Everything is ultimately identity, unity with itself. But those who speak of the philosophy of Identity mean abstract Identity, unity in general, and pay no attention to that upon which alone all depends; namely, the essential nature of this unity, and whether it is defined as Substance or as Spirit. The whole of philosophy is nothing else than a study of the nature of different kinds of unity; the Philosophy of Religion, too, is a succession of unities; it is always unity, yet a unity which is always further defined and made more specific.
In the physical world there are many kinds of unity: when water and earth are brought together, this is a unity, but it is a mixture. If I bring together a base and an acid and a salt, a crystal is the result. I have water too, but I cannot see it, and there is not the slightest moisture. The unity of the water with this material is, therefore, a unity of quite a different character from that in which water and earth are mingled. What is of importance, is the difference in the character of the unity. The Unity of God is always Unity, but everything depends upon the particular nature of this Unity; this point being disregarded, that upon which everything depends is overlooked.

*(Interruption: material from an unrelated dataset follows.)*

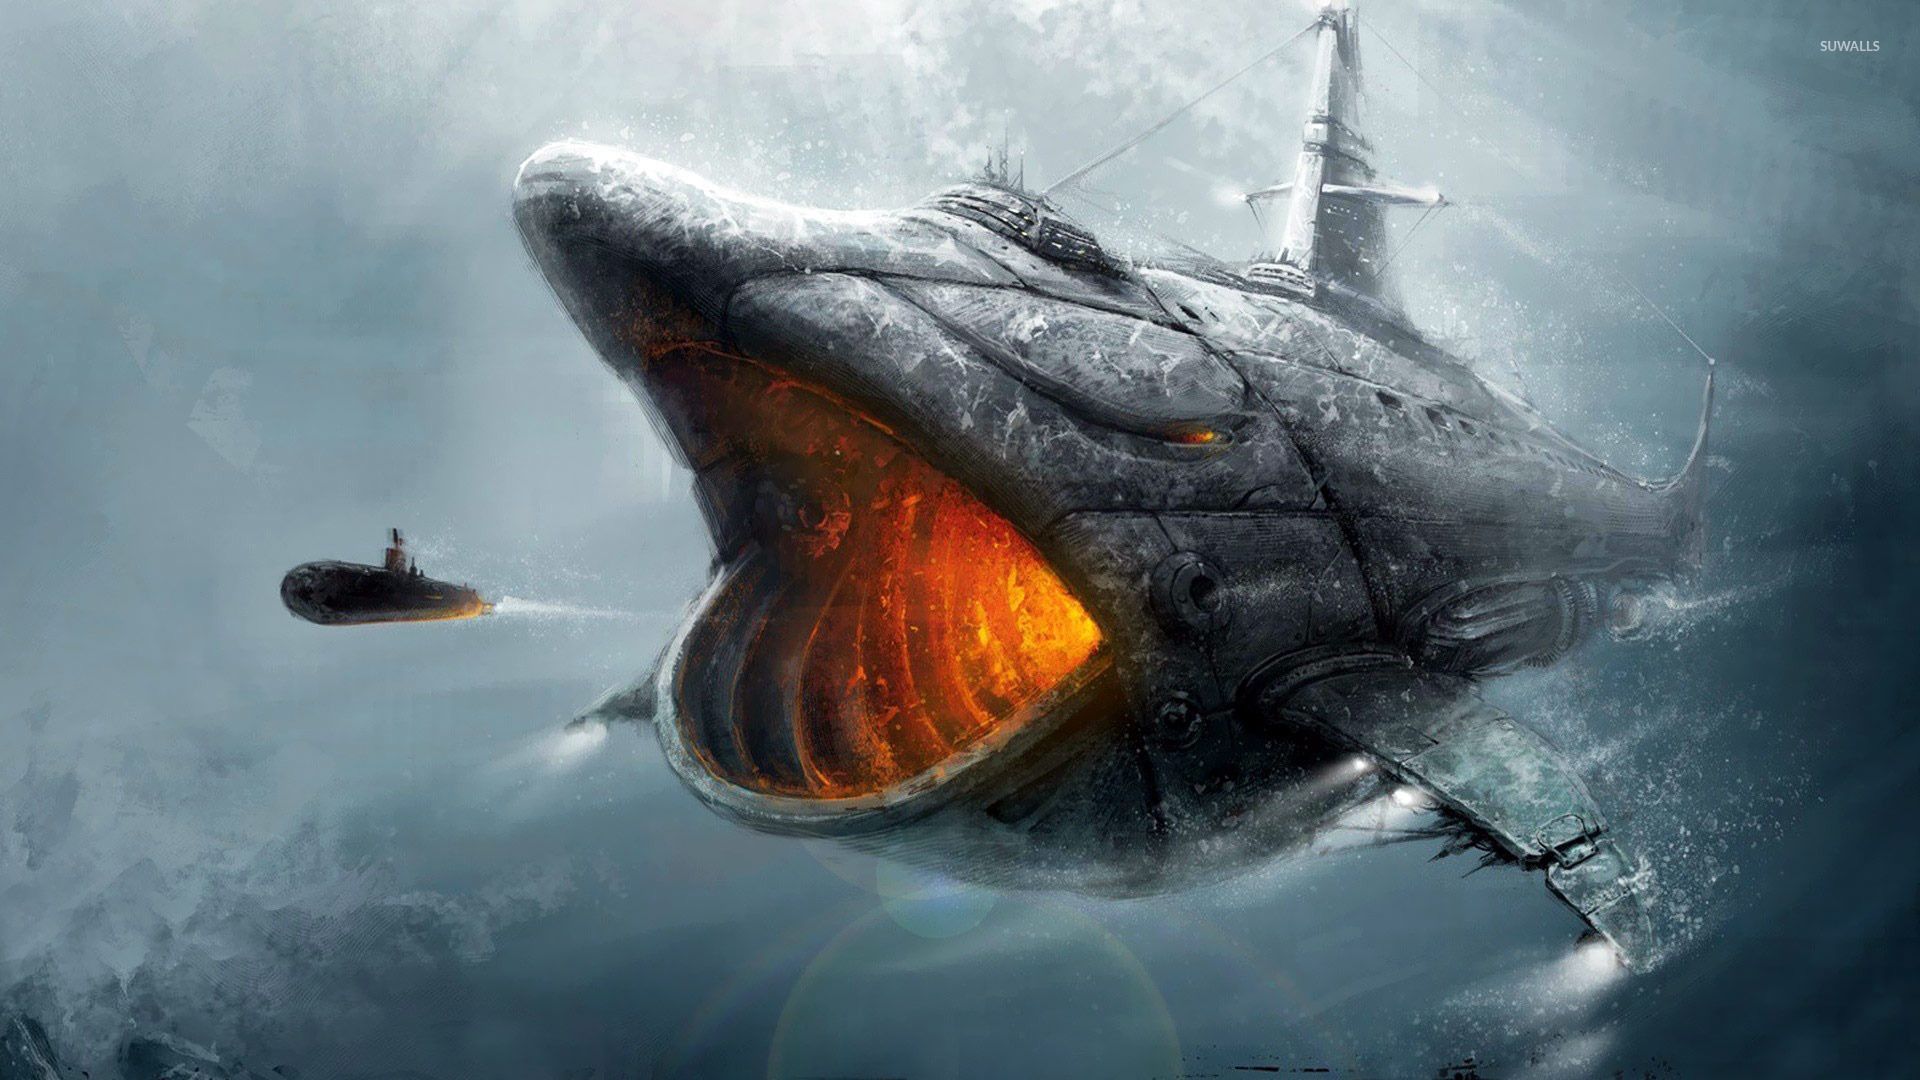  بک گراند منحصر به فرد و دیدنی از  زیردریایی به همراهی کوسه بزرگ

What we have first is this divine Universality—Spirit in its entirely undetermined Universality—for which there exists absolutely no element of difference. But upon this absolute foundation (and this we state for the moment as fact) there now appears that element of distinction which, in its spiritual character, is consciousness, and it is with this distinction that religion, as such, begins. When the absolute Universality advances to the stage of judgment, that is to say, when it proceeds to posit itself as determinateness, and God exists as Spirit for Spirit, we have reached the standpoint from which God is regarded as the object of consciousness, and Thought, which at the beginning was universal, is seen to have entered into the condition of relation and differentiation.